"Media Theologies, 1615-1668" by Trina Hyun

Media Theologies, 1615-1668

Date of Award

Spring 2023

Document Type

Dissertation

Degree Name

Doctor of Philosophy (PhD)

Department

English Language and Literature

First Advisor

Peters, John

Abstract

The histories of media and Protestant theology are unlikely counterparts. But long before “media” was established as a discipline by scholars like Marshall McLuhan and Friedrich Kittler, the “media concept,” I argue, lay at the heart of the poetry, prose, and theologies of post-Reformation England. Though reformed thinkers famously resisted both the materialism and the institutional hierarchies of Roman Catholicism, their accounts of seemingly unmediated contact with the divine were no less perplexing or physical–such as John Donne’s radically orthodox view of the materiality of heaven, or Thomas Traherne’s praise of fetal life as the mode of unparalleled divine apprehension. Indeed, the spirit-centered ethos of Protestantism is not so starkly anti-material as scholars have previously argued; on the contrary, it demanded ever more subtle approaches to just how believers might traverse the immeasurable gap between themselves and God. Efforts to refine and imagine techniques of communing with God and others through sight, speech, hearing, deafness, writing and other media—things in the middle, as I define it broadly, that have the capacity to both catalyze and thwart human attempts at communication—generated theories of communication at the interstices of theology, poetics, mathematics, and technology.

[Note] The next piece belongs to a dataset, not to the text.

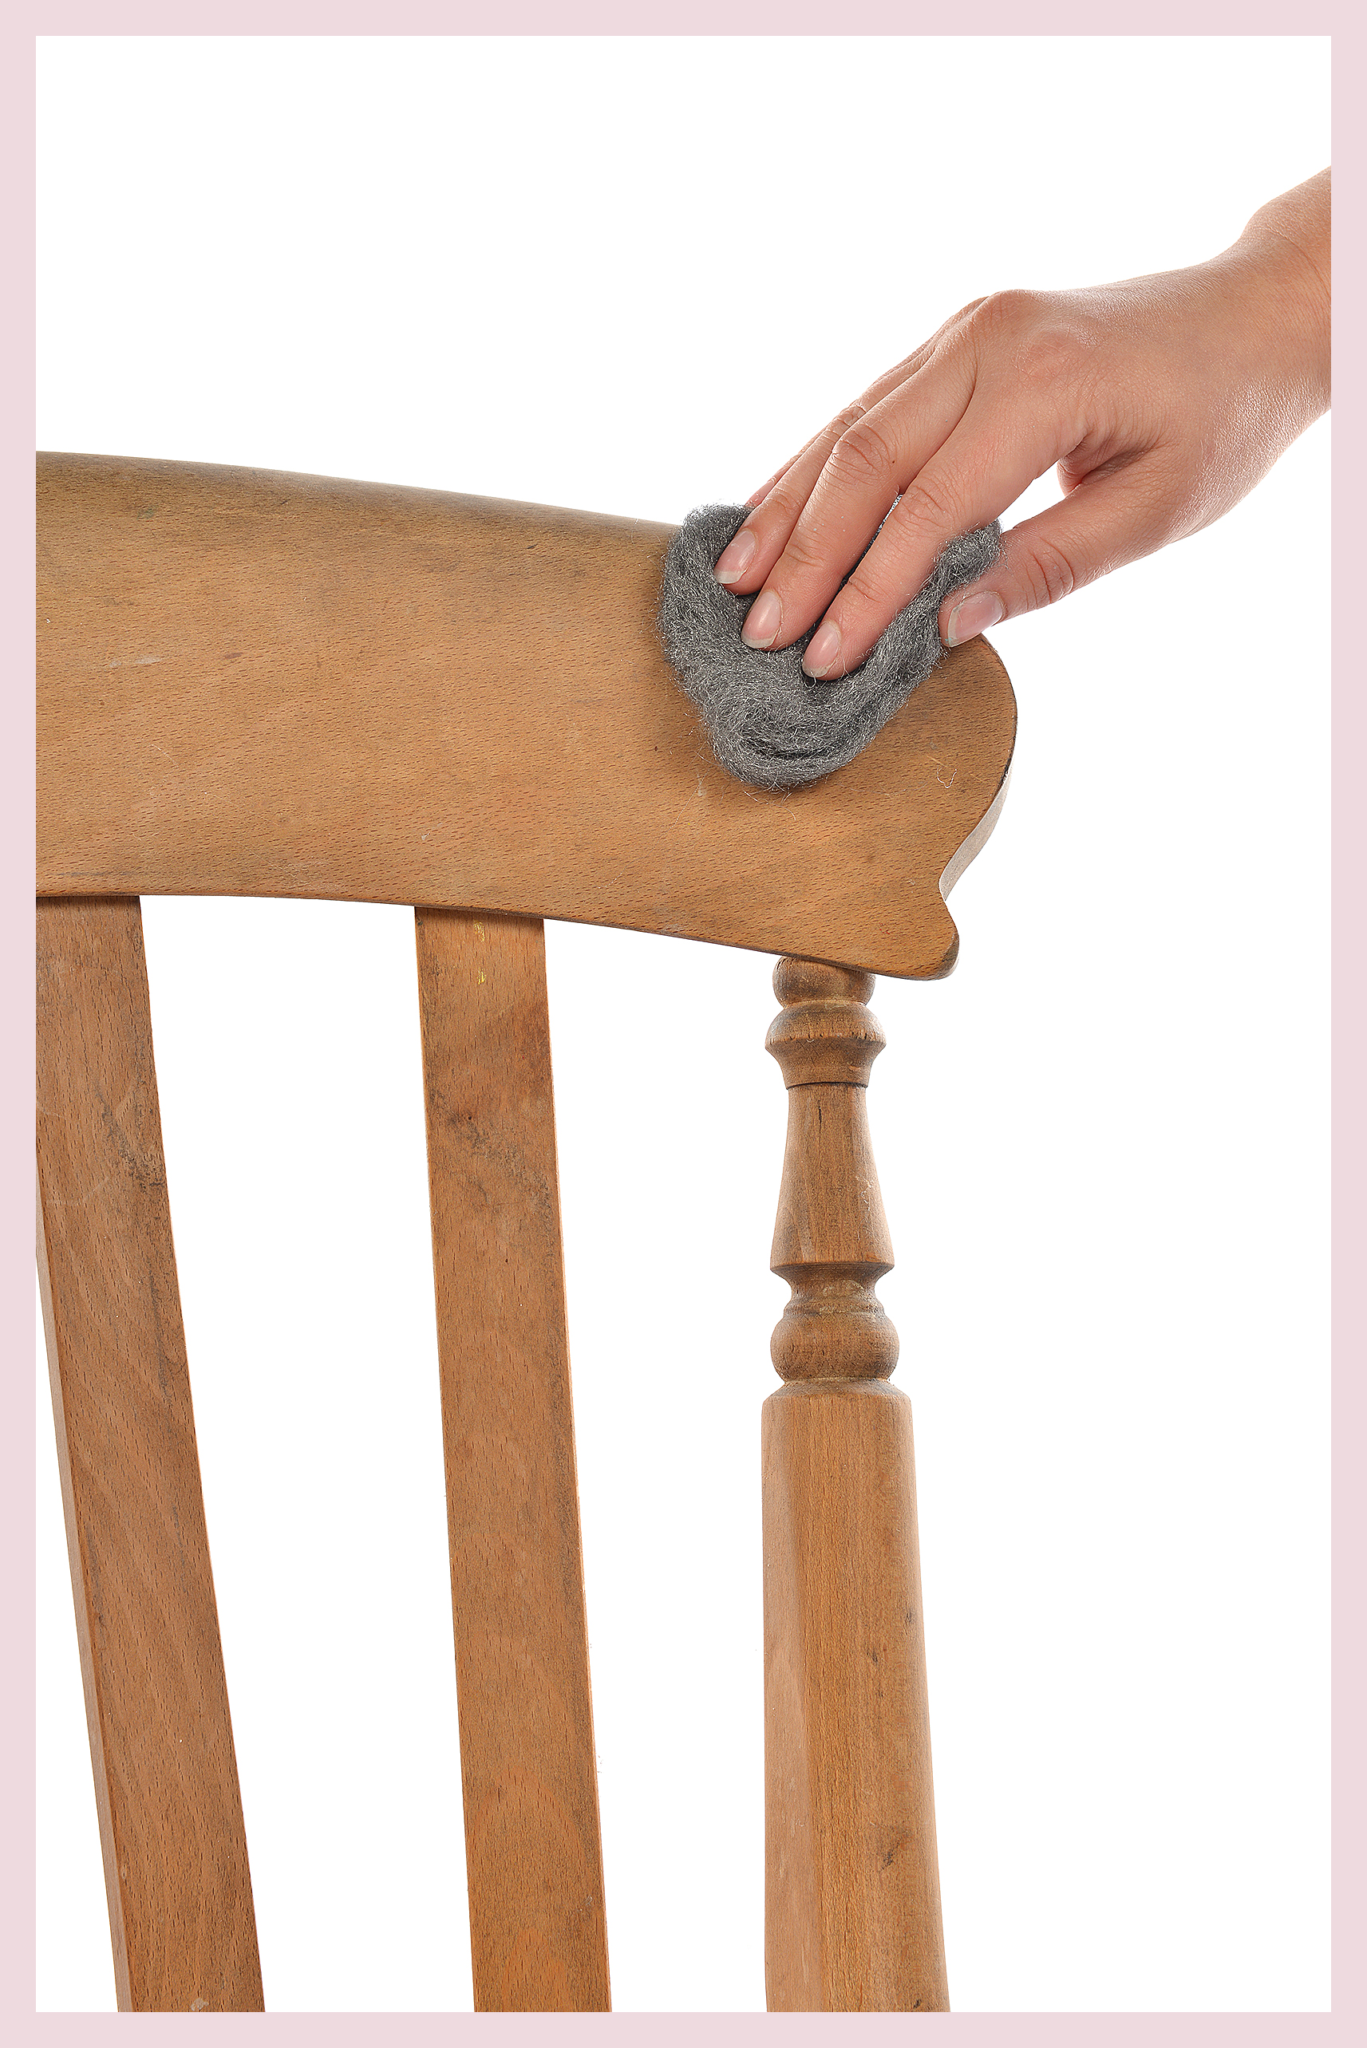 Simple Tutorial For Painting A Chair, How To Prepare Old Wood Furniture For Painting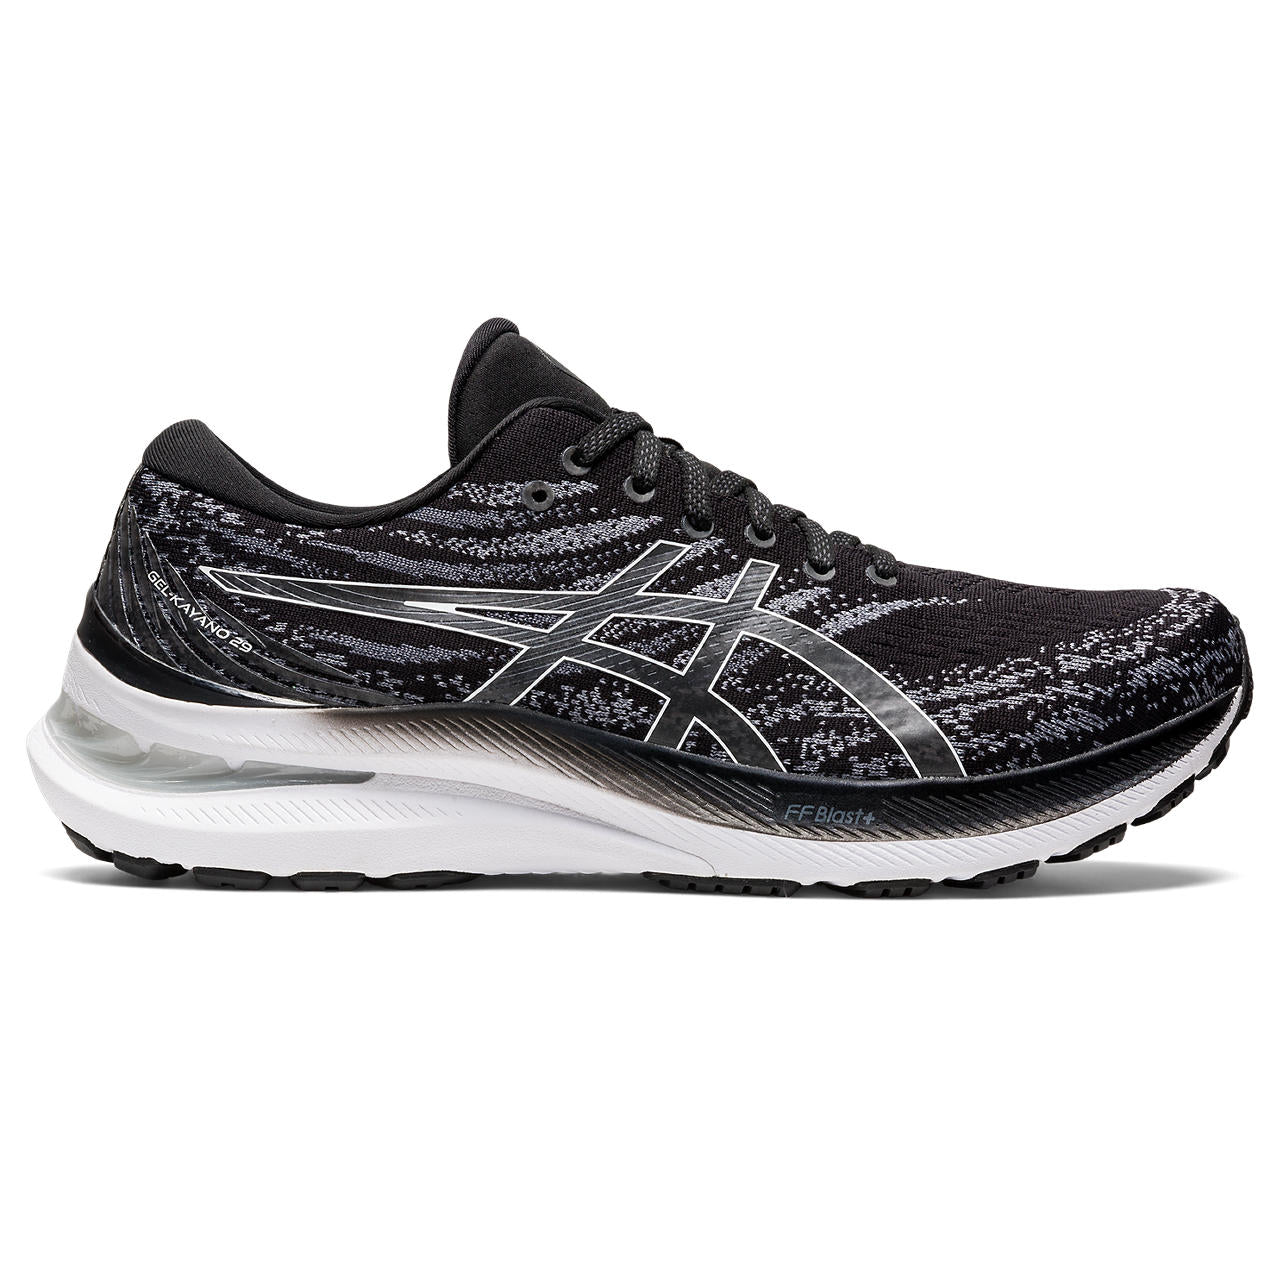 The Gel-Kayano 29 creates a stable running experience and a more responsive feel underfoot. Featuring a low-profile external heel counter, this piece comfortably cradles your foot with advanced rearfoot support. Asics also updated the midsole with FF BLAST PLUS cushioning. This model is the extra wide 4E width in black and white.

By focusing on moments in poetry, preaching, devotion, and language reform movements in which communication is particularly vexed, this richly entangled history of early English Christianity and media innovation reframes and shifts the usual sites of human power: the mathematical intuitions of a deaf boy over the Royal Society philosopher, the buzzing of a fly in the ear over the praying male voice. “Media Theologies” deliberately courts the counterintuitive and anachronistic affinities between twentieth-century media theory and seventeenth-century theology, arguing that the central terms and concepts of media studies are neither as modern nor as secular as they now appear.